This theory was originally named the Leary Circle, after an early Timothy Leary sketch of the idea which had springboarded from the work of Harry Sullivan, US psychiatry lecturer (Leary, 1957; Wiggins, 1996, p. 224; see diagram accompanying this post originally from LaForge, 1985, p. 615). The circle originally contained "16 interpersonal variables ordered around [two] primary dimensions of 'dominance‐submission' (i.e. agency) and 'love‐hate' (i.e. communion)" (Mahar & Markey, 2020, p. 143). These two continua are now considered to be a power axis, and a love axis.

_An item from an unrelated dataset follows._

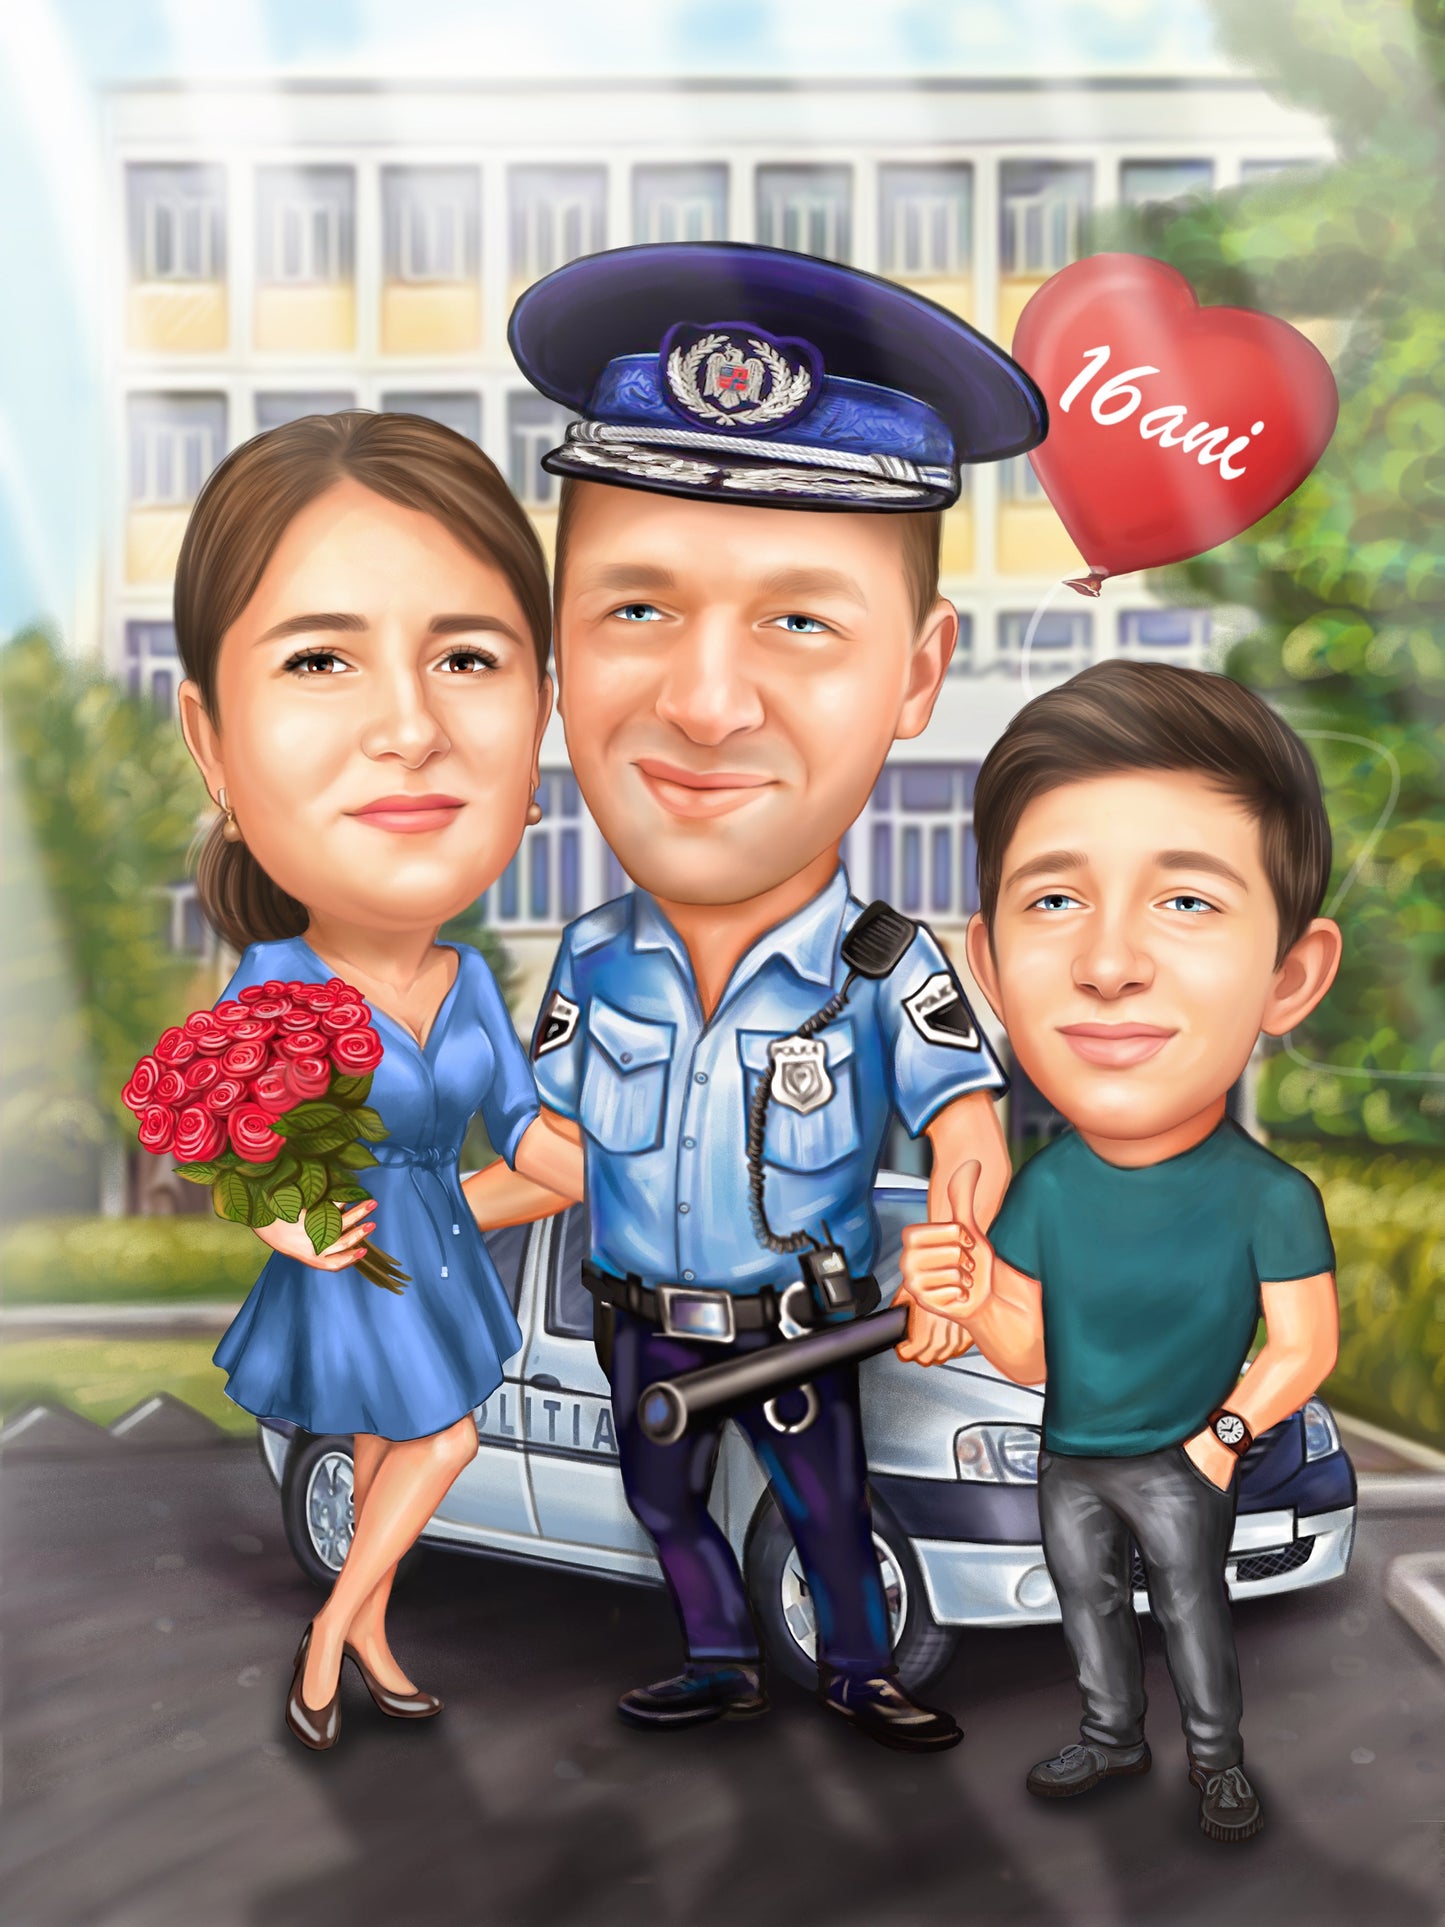 Policeman 16 years of relationship anniversary family caricature
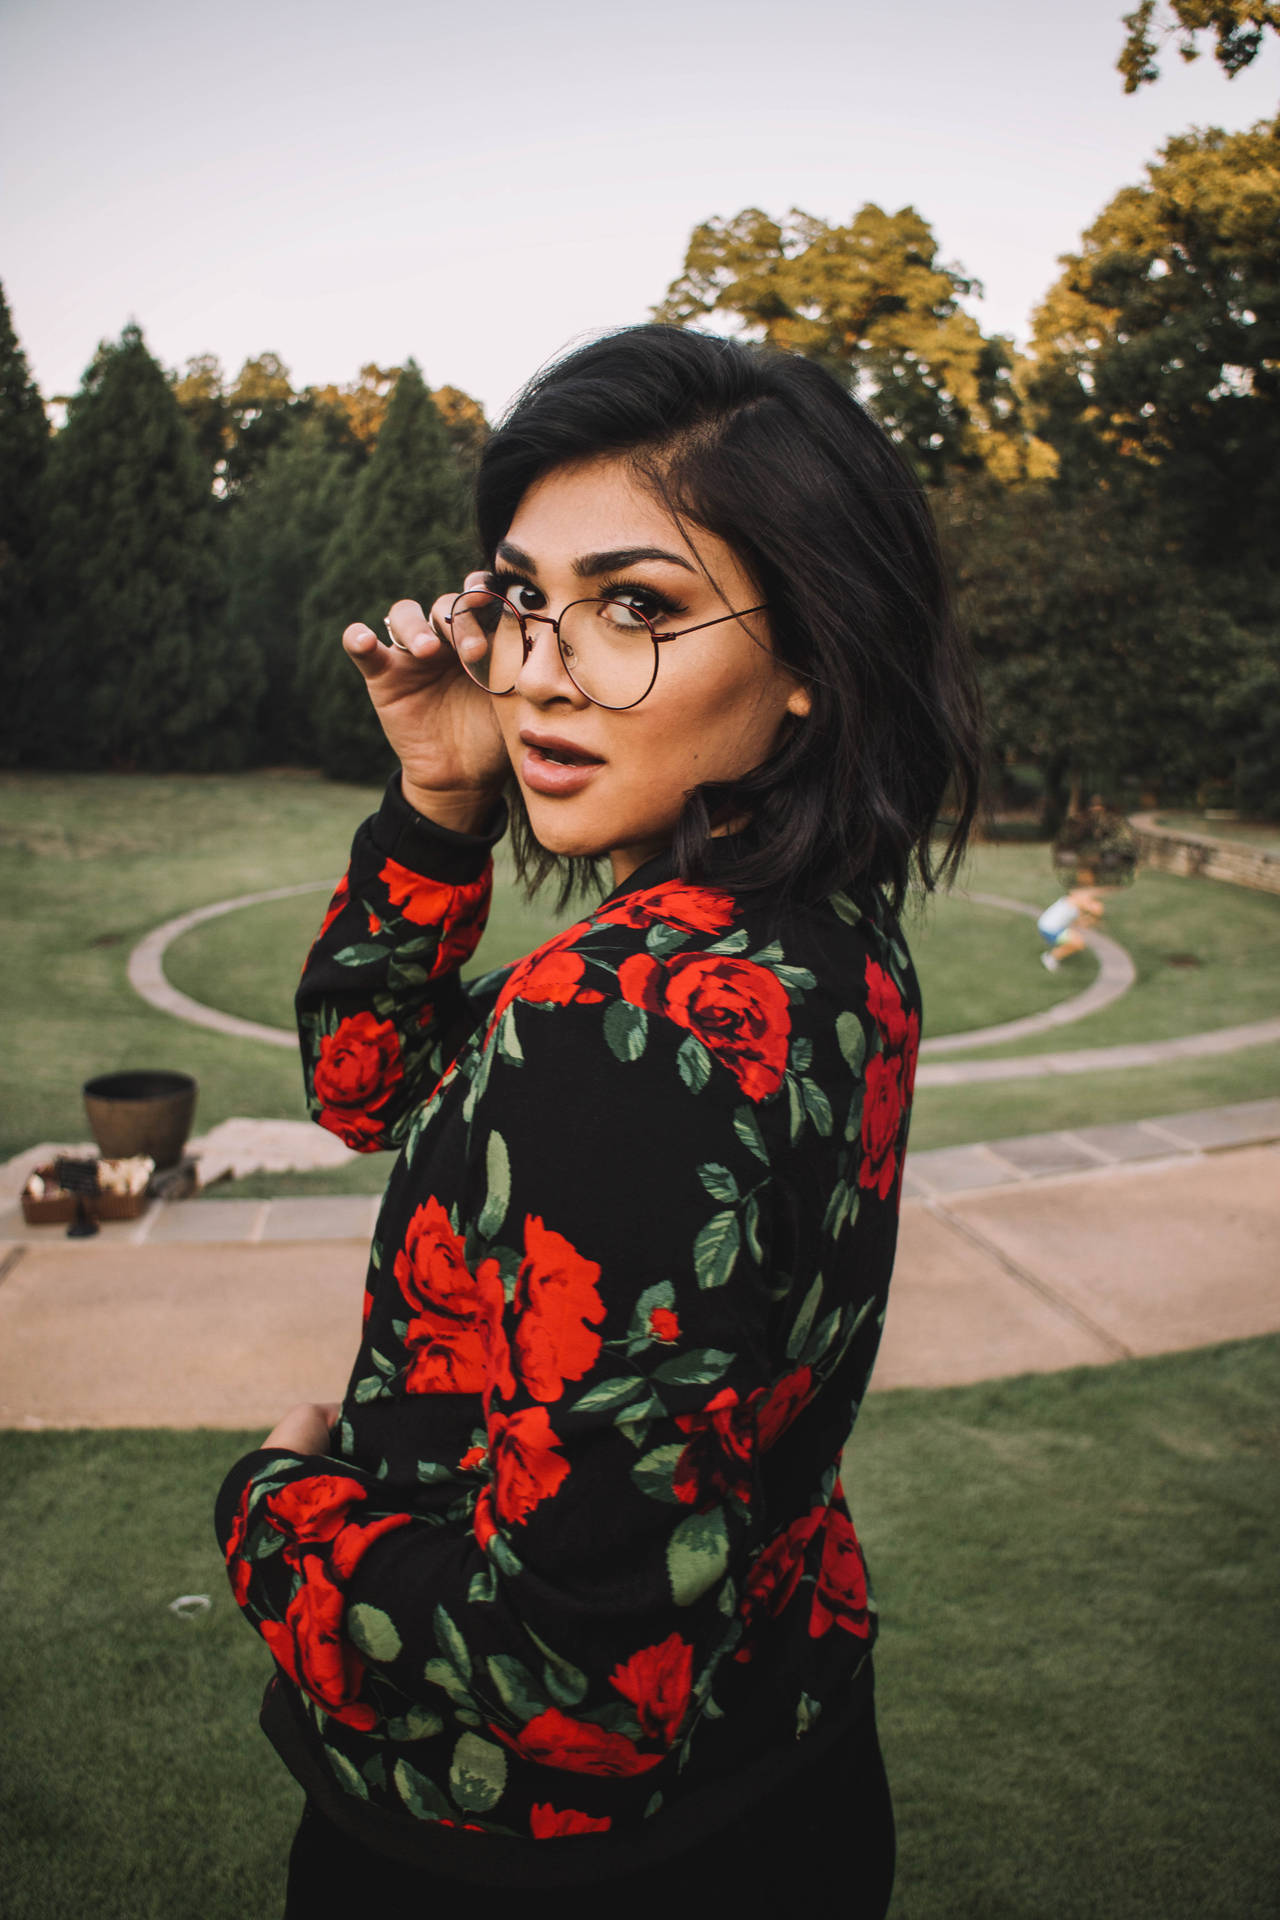 Hipster Girl In Red Roses Dress Background

What interests me is that the IPC model now seems to be thought of as a model of "extroversion, dominance, trust and warmth" (Williams, 2023), similar to the Big Five or OCEAN assessment (Mahar & Markey, 2020). However, as OCEAN "provides a framework with which to interpret the circumplex and the interpersonal circumplex provides an elaboration of two factors from the Five Factor Model" (Mahar & Markey, 2020, p. 143), it seems that the IPC still only measures the two continua of dominance (as extroversion) and love (as agreeableness), despite trust having crept into William's article (2023).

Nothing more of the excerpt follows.